India to resist tariff cuts at RCEP meeting
 
NEW DELHI: Firm on protecting their domestic markets, India, South Korea and China will make a coordinated push to resist demands for significant tariff concessions sought by other countries under the 16-country Regional Comprehensive Economic Partnership (RCEP). 
 
All the participating countries will meet on Monday for the seventh round of negotiations in Thailand. Japan, Australia and New Zealand want these three countries, which have big domestic markets, to open up 80% product lines for imports. India, China and South Korea are keen to limit it to 40% of the product lines. India will likely keep dairy, textiles, automobiles, machinery, rubber, spices and steel out of the initial offer for regional cooperation and economic partnership. RCEP is a proposed comprehensive free-trade pact among 10 Asean countries — Brunei, Cambodia, Indonesia, Laos, Malaysia, Myanmar, the Philippines, Singapore, Thailand, and Vietnam — and the six partners with which they have free-trade agreements (FTAs)—Australia, China, India, Japan, South Korea and New Zealand. 
 
"South Korea and China bringing down their offer from opening 80% tariff lines to 40% gives weight to our stand," said a government official. "We have worked on a negative list where broad sectors include agri products, dairy, textiles, among others." 

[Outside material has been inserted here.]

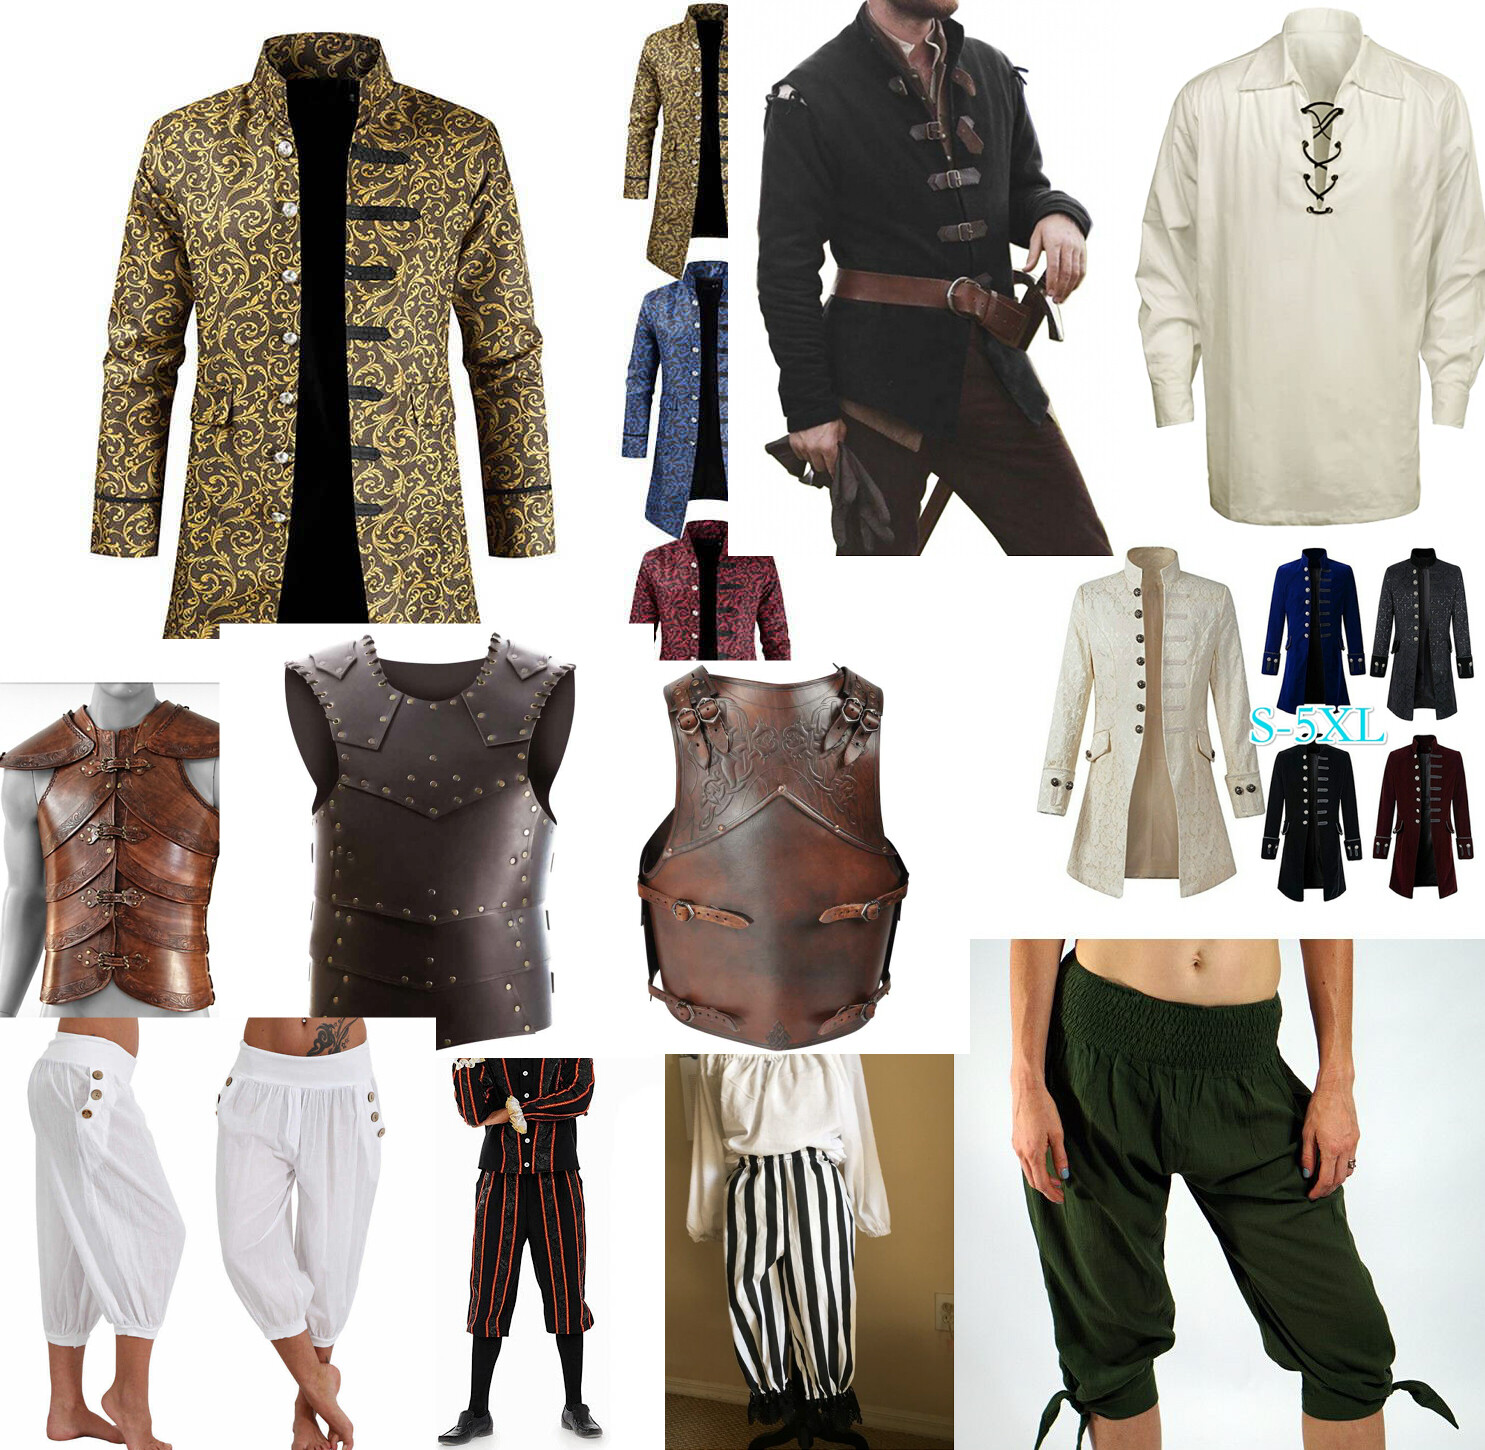 I also assembled a large amount of costume references that matched the style I was going for.  The model is based on a Dungeons and Dragons character I play, so  I wanted to convey his flashy sense of fashion through medieval-style clothing.

The pact seeks to cover goods, services, investments, competition and intellectual property, and is targeted for conclusion by the end of 2015. 

"We are not against ambition but want to keep initial offer low as we can't throw open most sectors for countries with whom we don't have FTA yet, such as China, Australia and New Zealand," the official added. "For example, we may like to open 80% tariff lines for Asean, but not even 60% for Australia and China," he explained. India has so far signed FTAs with Asean, South Korea, Japan, Singapore and Malaysia, and is negotiating pacts with New Zealand and Australia. 
 
India has avoided a pact with China for fear of its manufacturing industry getting hurt. Along with Japan and South Korea, India made a joint proposal at the last meeting in Delhi on the modalities of the agreement on goods. 
India is pushing for a simultaneous agreement on goods and services, whereas some countries have shown willingness to conclude a pact on goods first. There appear differences in the services pact where India, backed by six Asean countries, want a positive list approach to the offer, where the commitment to open certain services is listed.